Q: And shorter budget briefings?
Senior Defense Official: It might. (Laughter.) Instead we're going to have an execution review. Not who we're executing, but -- (Laughter.) -- how the money's being spent. This is really important to me in my CFO hat. What is called everywhere else in the world the burn rate, how you're spending your money. How you're moving your money around. How are you executing. We owe that to the taxpayer, we owe that to the Congress, we're going to focus on that. We do that every year, but we're going to do it in a major way in the off years as it were.
Q: So there's been no change in the last jump forward.
Senior Defense Official: Correct. And the rest of it I think is pretty straightforward. Our people can give you some detail.
Help needed from Congress. We really need a civilian personnel system to shake up where we are these days. As you know our civilian personnel come under civil service rules, that creates all kinds of difficulties for us.

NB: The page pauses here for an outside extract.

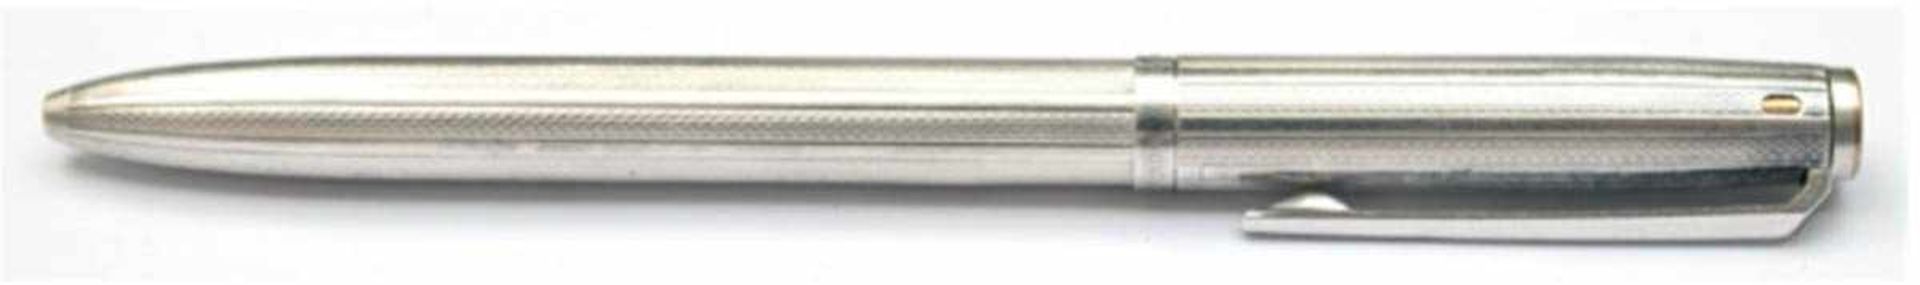 Montblanc-Kugelschreiber PIX-O-MAT, 925er Silber, mit 4 Minen, reliefierte Oberfläche,

We are going in with a host of changes that we wish to make. The Secretary has waxed eloquent on that on numerous occasions. We want to have what homeland security just got. A fast track, once off change to the way we do business. We want to rationalize our confirmed positions, for example, we want to design leadership roles based on priorities, we've got a lot of things that are vestiges of a previous timeframe. Instead of coming in with bits and pieces we want to do it all in one.
We want to move non-military functions out. For example we're going to propose transferring the personnel security system totally over to OPM. Right now there are duplicate systems. I personally went through simultaneous OPM and DoD background investigations when I was a contractor, and I spoke to the investigators, pointed out that they had both made the same typo in my address, and told them to speak to their bosses and see whether it would save the government money to have one investigation since there was only one of me. They agreed. There was only one of me. The bosses said no, we have to conduct them separately. This is nuts. So we're going to transfer that out.

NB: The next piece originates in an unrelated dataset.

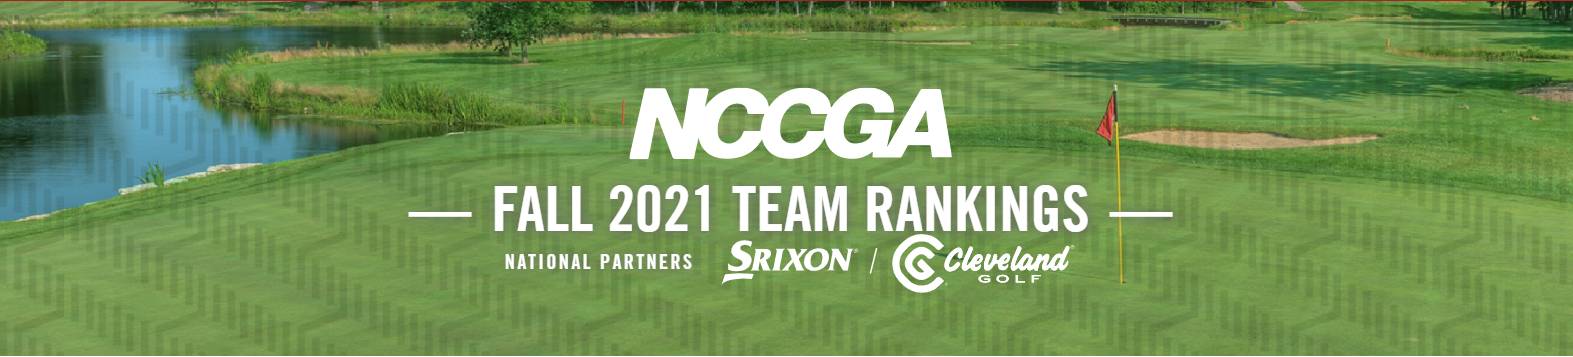 Fall 2021 NCCGA Team Rankings

We're going to divest the DLA printing service. There is a competitive market in the private sector, we'd save about $80 million there.
The rest, again, are pretty straightforward.

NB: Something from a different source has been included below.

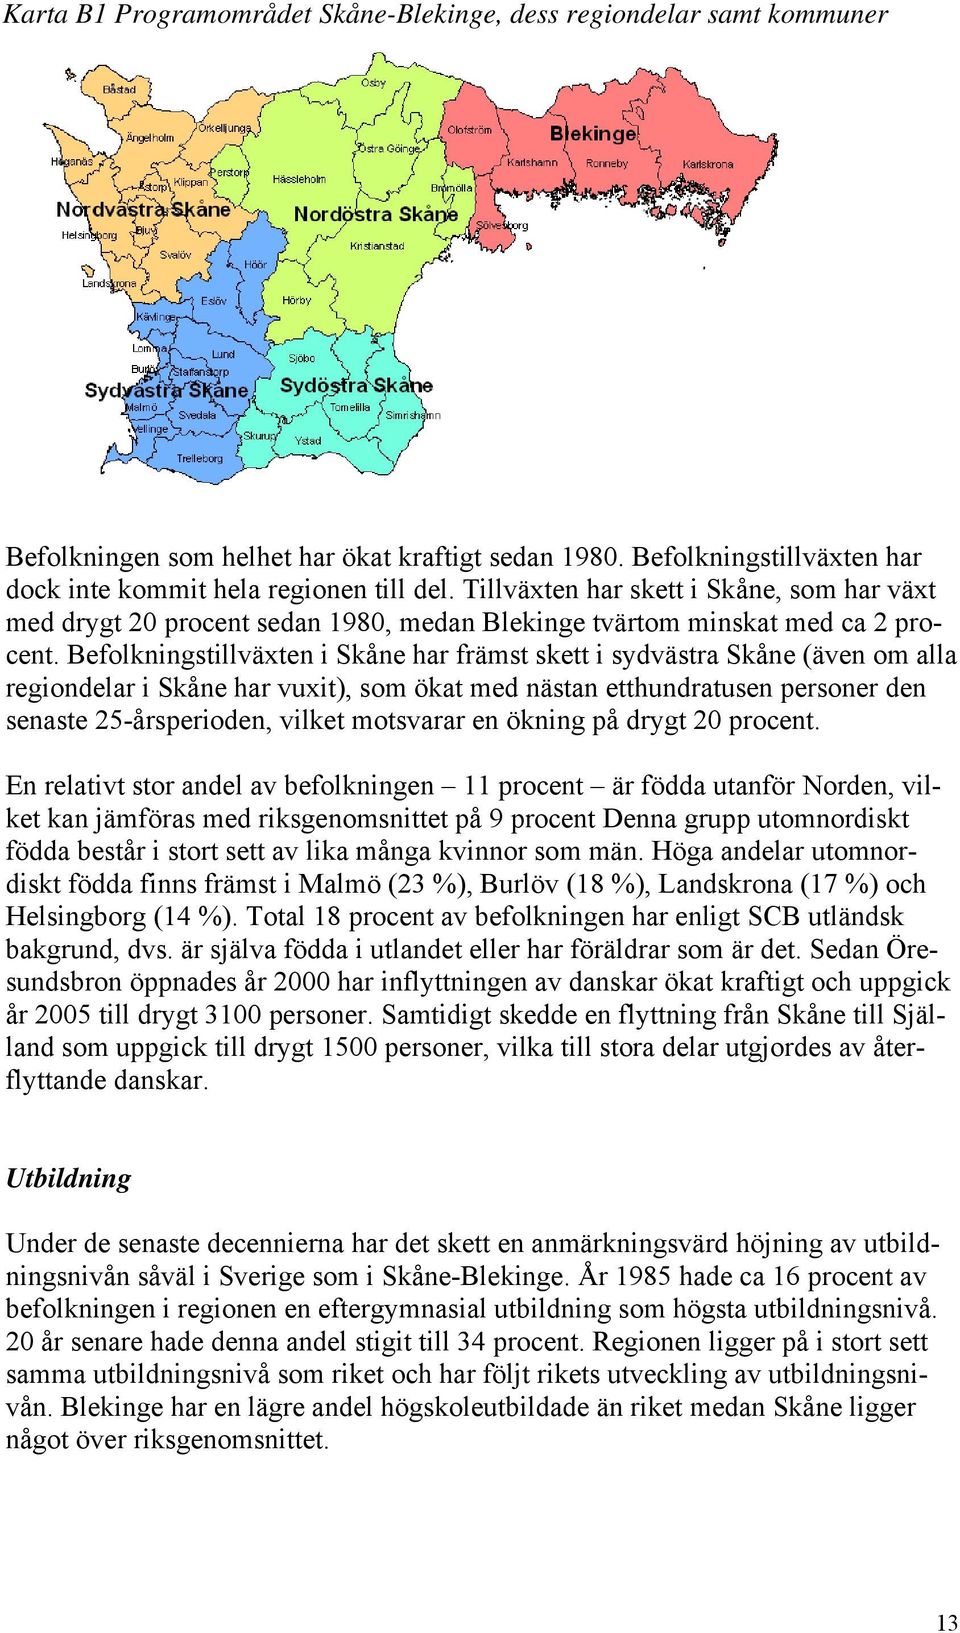 Befolkningstillväxten i Skåne har främst skett i sydvästra Skåne (även om alla regiondelar i Skåne har vuxit), som ökat med nästan etthundratusen personer den senaste 25-årsperioden, vilket motsvarar

The last slide is, hurray for us. (Laughter.) We think we've put together a well thought out, well balanced program that reflects the new world we're living in, that is geared not just for now but in the case of the carriers well past the middle of this century. That truly transforms the way we do our business, the way we think about doing our business and the way we organize doing our business.
Thanks for your patience. Over to those folks.
Q: One last question. Given the projection for huge budget deficits, what kind of confidence do you have that you'll get $20 billion increase each (inaudible)?
Senior Defense Official: Absolutely confident. I got 16 percent of the budget. I'm not worried about it. And by the way, the deficit has historically lowered the percentage of the total gross national defense product.